第5話 《魂結びの儀》②

「……むむむ」


 一通り掃除を終えた真刃は、自室に戻っていた。

 そして、多数の空き缶――真刃は新商品のコーヒー缶を収集するのを趣味にしている――が並べられたワークデスクの上に置いてあるノートPCと睨めっこをしていたが、


「やはり、オレには無理だ。絶対に無理だ」


 ログイン画面の段階で、断念する。

 文字ならばある程度は読める。今の時代特有の単語、カタカナや和製英語というものはまだ少し苦手だが、大分使えるようにもなってきた。

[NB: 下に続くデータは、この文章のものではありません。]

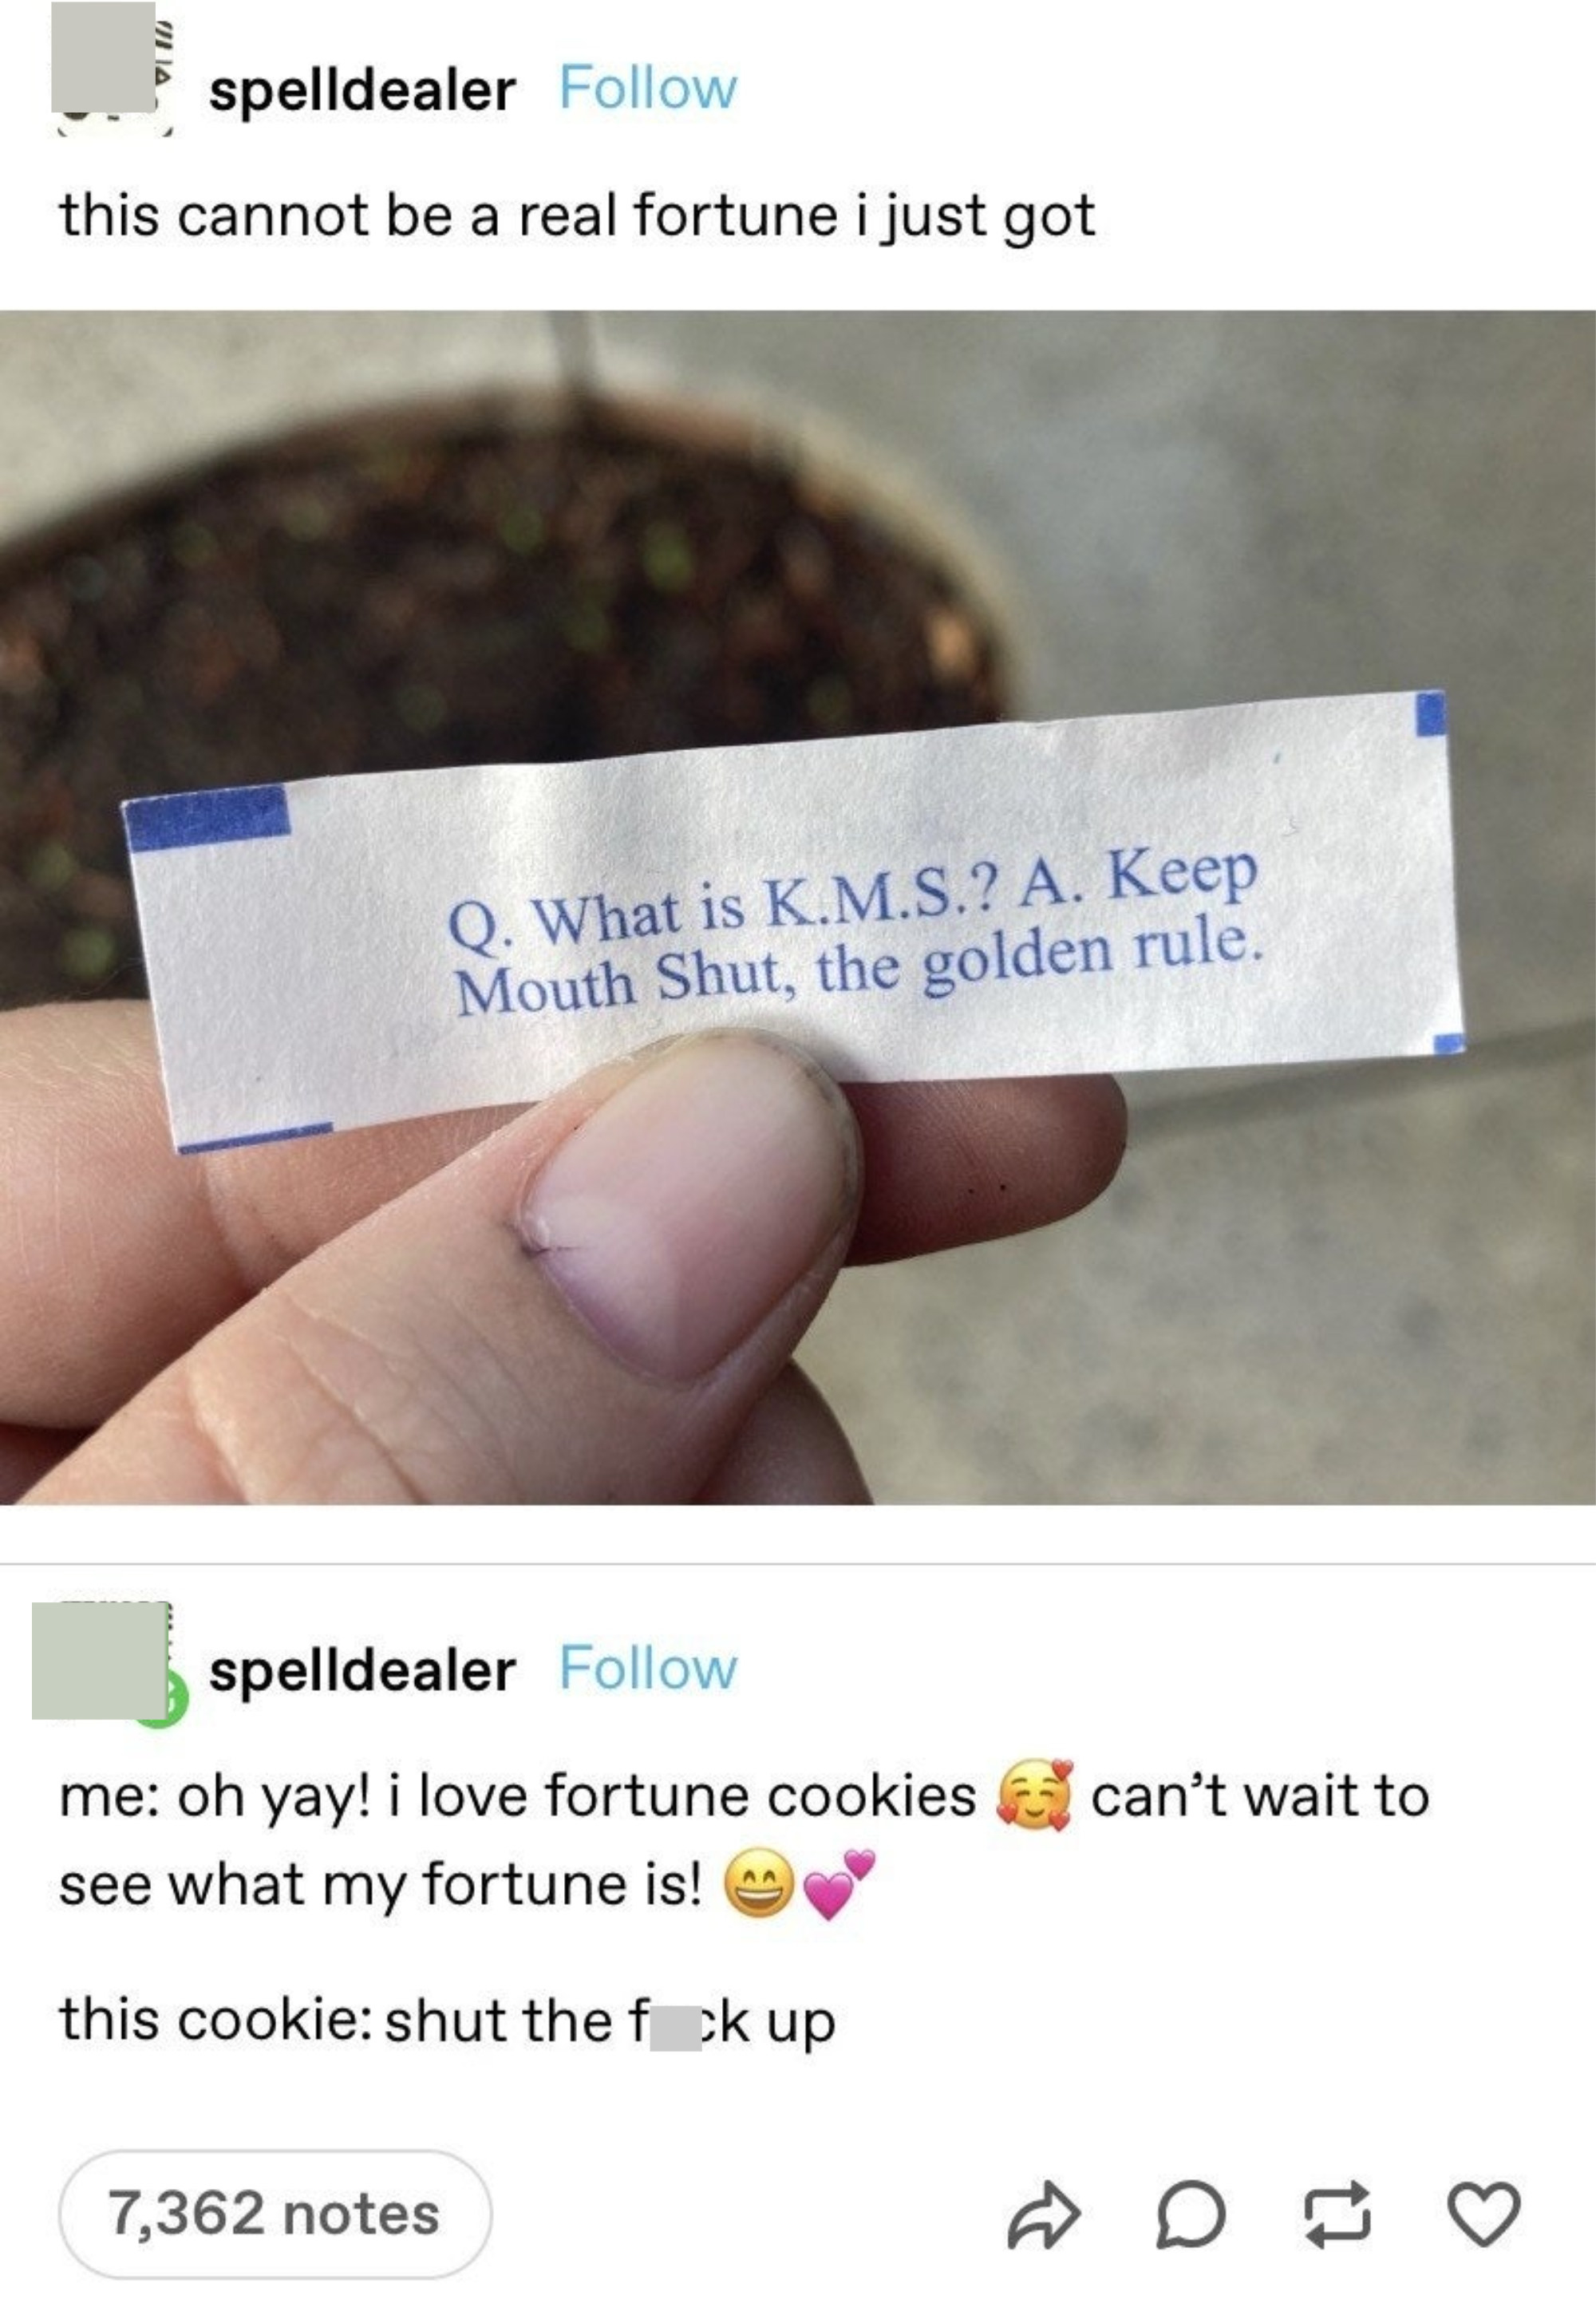 Person can&#x27;t believe they got a fortune cookie that says &quot;KMS means Keep Mouth Shut, the golden rule&quot; and they describe it as &quot;Oh yay, I love fortune cookies, can&#x27;t wait to see what my fortune is&quot; and &quot;This cookie: Shut the fuck up&quot;

 しかし、このPCで使うローマ字入力は無理だ。何を押せば変換できるのかも分からなかった。そもそもボタンが多すぎるのだ。


「恐るべきは、人の世の進化だな……」


 真刃は、カシュッと缶コーヒーを開けた。一口含む。苦みの強い一品だ。

 この時代で暮らすようになって早十一ヶ月。

 目に映るもの、そのすべてに驚かされる日々だった。


 名馬よりも速く、力強い無双の自動車。

 天を衝くとしか言い表せない勇壮なる建築物。

 縦横無尽に網を敷き詰め、多くの人々の足となる篤実の電車。

 長期に渡って、あらゆる食品、食材の鮮度を維持する神秘の冷蔵庫。

 そして、缶コーヒー。

 人類の英知にして濃縮された小世界。美味と安価の奇跡の調和たる缶コーヒー。


 人の技術とはここまで進化できるものなのか、と本当に驚いたものだ。

 だが、それらの中でも別格なのが、このPCと、エルナから渡されたスマホだった。


 これらに至っては、完全に未知の物体である。

 どちらも便利なのはよく分かる。この小さな物体に一体どれほどの英知が詰め込まれているのか。まさに恐るべき技術だ。

 しかし、操作方法が難解すぎるのだ。ローマ字入力が困難なのを別にしても、それ以上に出来ることが多すぎて、とても手に負えないのである。

 今や日課となっている、今代の知識を頭に叩き込む猛勉強のおかげで、自動車やバイクはこの十一ヶ月間で免許取得までできた――ちなみに戸籍は偽装している――が、こればかりは使いこなせる気がしなかった。


「これは、流石に仕方がないだろう」


 だからこそ、真刃は得意分野に頼った。

 真刃は飲み終えた缶コーヒーを机の上に置くと、パチンと指を鳴らした。すると、それだけでPCに自動的にパスワードが入力されて起動した。

 ようこそ、と文字が浮かび上がり、移り変わる画面を真刃は一人眺めていた。

 そうして十数秒後。


「さて。そろそろ準備は出来たか? 金羊きんよう


 と、PCに尋ねた。するとPCは、


『うっス。万全っスよ。ご主人』


 画面上に金色の羊の顔を映し出して、そう答えた。

 自分で扱えないのならば、PC自身に扱わせればよい。それが真刃の結論だ。

 そうして生みだしたのが、この世界では猿忌に続く従者。

 主にPCを依代にする従霊――金羊であった。


『今日は何をするっスか? 日課の勉強っスか? 検索っスか?』


 と、金羊が尋ねてくる。

 これが、真刃の系譜術――名がないと言ったら、エルナが《精霊殿ザ・フォレスト》と名付けた術だ。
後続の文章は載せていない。